Delusions in Context
Full Title: Delusions in Context
Author / Editor: Lisa Bortolotti (Editor)
Publisher: Palgrave, 2018
Review © Metapsychology Vol. 24, No. 21
Reviewer: Aline Maya, PhD
Psychiatrists, doctors and nurses are witnesses of something hard to convey with words: the impressive paradox of logic and rationality that psychotic patients show with their delusions. In this book, Bortolotti and her co-authors challenge that puzzle to accomplish a seemly impossible task: to highlight what is rational within the most irrational beliefs. And, by making their case with hard facts and scientific evidence, the human part of people with delusional symptoms begins to slowly emerge.
The book’s first chapter is an excellent introduction to delusions, in which no previous clinical or philosophical knowledge is required. Psychologists, philosophers and students can read what a delusional experience is like, told from the point of view of patients and experts themselves.
By using clinical accounts, MRI interpretations, testimonies, statistics and social studies, Bortolotti, amongst three other recognized experts, discuss the wide spectre of delusional beliefs and their paradoxical implications in four exceptionally interesting chapters. However, what makes this book unusual is how the authors compare psychotic delusions to some of our usual everyday beliefs: from their rather persuasive point of view, the delusion of being poisoned by nurses is not so different from the common belief of people being constantly monitored by the government. As Bortolotti and her colleagues show, delusional patients score the same results as normal subjects in logic exams, whilst also getting the same grades as normal people in intelligence tests, therefore showing that delusional people have an average (or above average) intelligence and logical skills. What’s probably even more surprising in these cases, is that patients are completely aware that their beliefs make no sense to others, but they still can’t escape the strange reality they are living in.
Concluding the book with a humanistic tone in which delusions are a plausible escape-response from a severely distressed brain, Bortolotti and her colleagues, against the usual clinical practice, maintain that some patients might get epistemic and emotional benefits from keeping a bizarre delusional belief, and that a come-back-to-reality might even harm a patient’s life.
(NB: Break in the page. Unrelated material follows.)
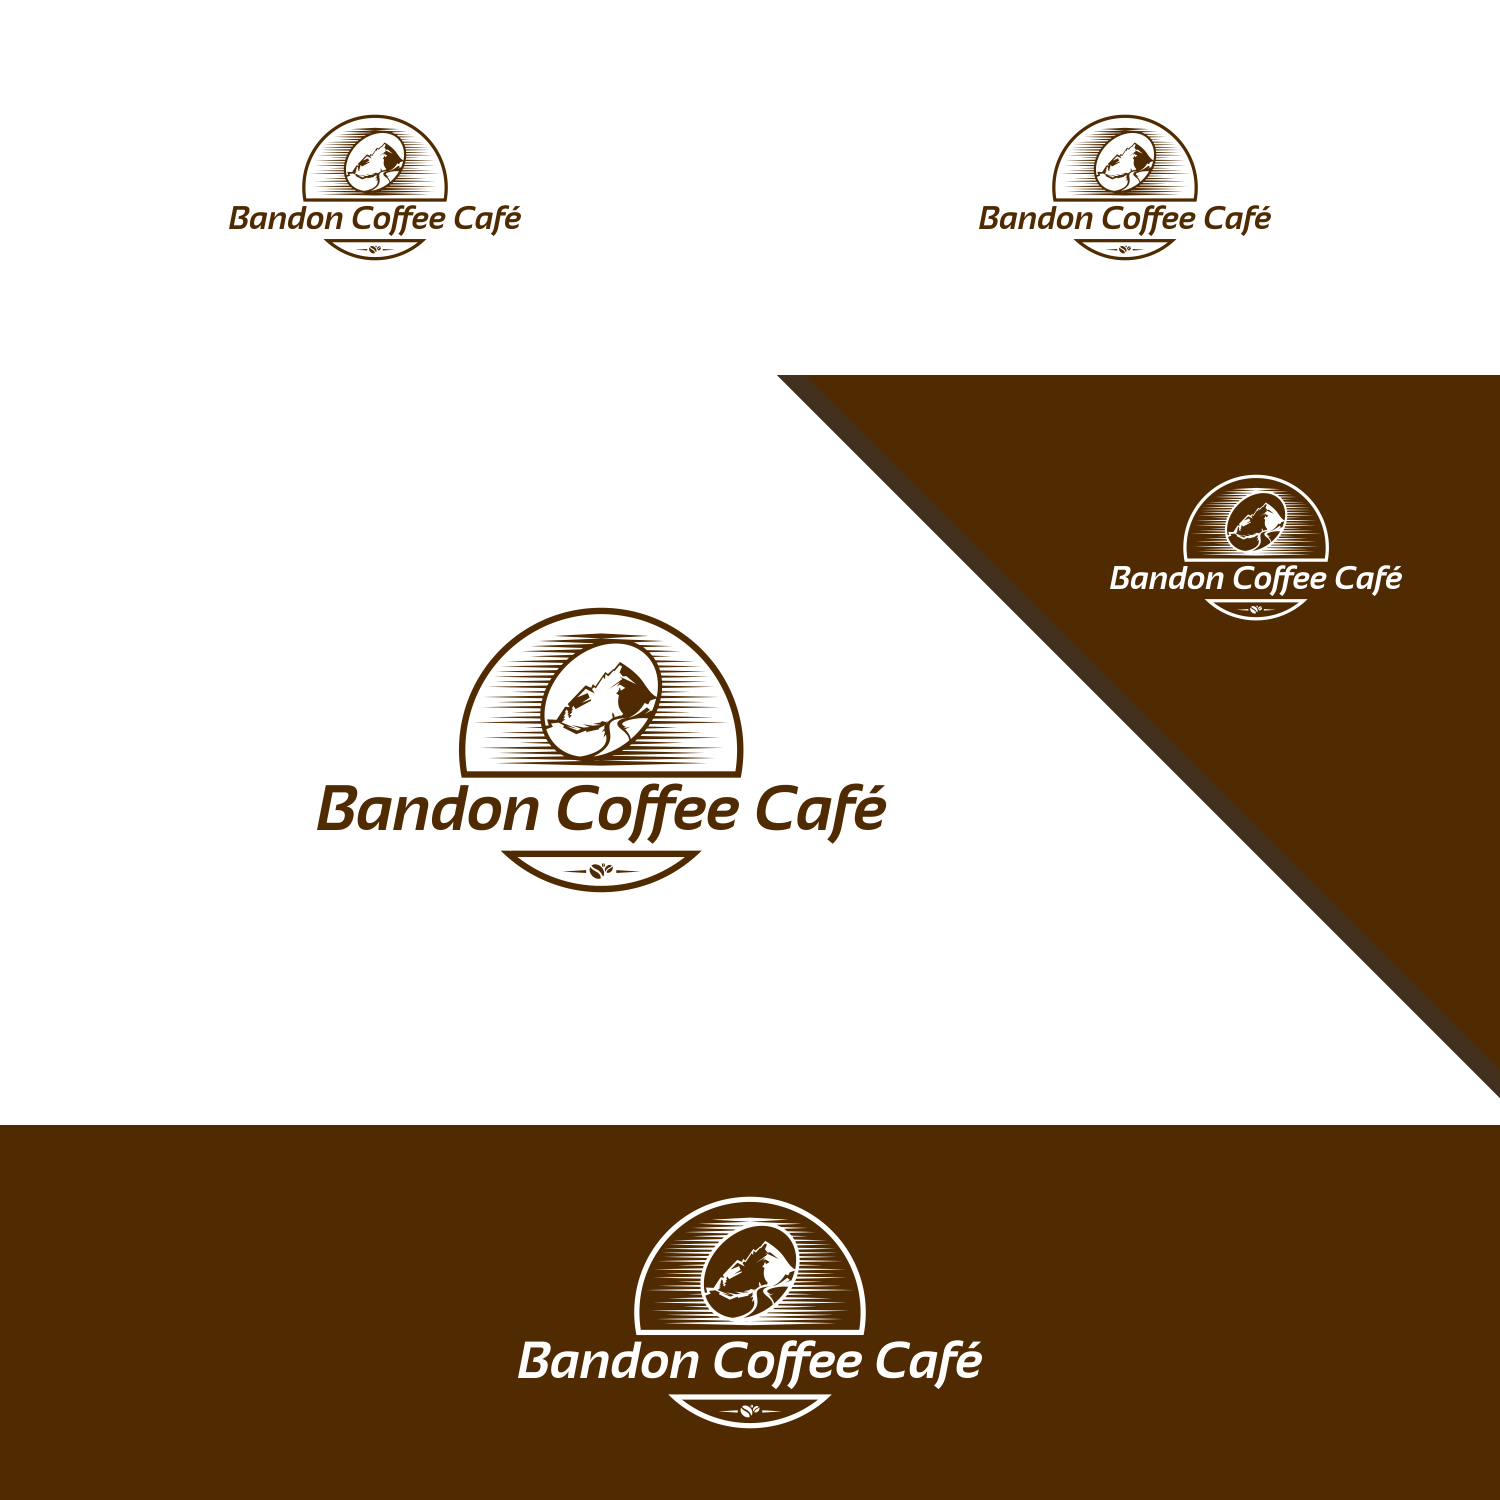 Bandon Logo - Bold, Conservative, Coffee Shop Logo Design for Bandon Coffee Cafe ...

Truly, the ground-breaking arguments in this book might promote a new approach to patients’ treatment in the future.
Bortolotti’s book is aimed, mainly, at philosophers interested in clinical practice, rationality and epistemology. However, I would personally recommend it to psychologists, psychiatrists, nurses and university students because of the broad frame of useful facts, discussions, studies and arguments inside the book that were used to prove Bortolotti’s arguments. The book is open access, free to anyone interested in Mental Health.
As a final note, I found remarkable the compassionate and humanistic approach in this book because patients with delusions are frequently depicted in media as violent and irrational, and the truth is that, behind every delusion there is a rational person that is fighting with her own mind, and in need of professional help and understanding.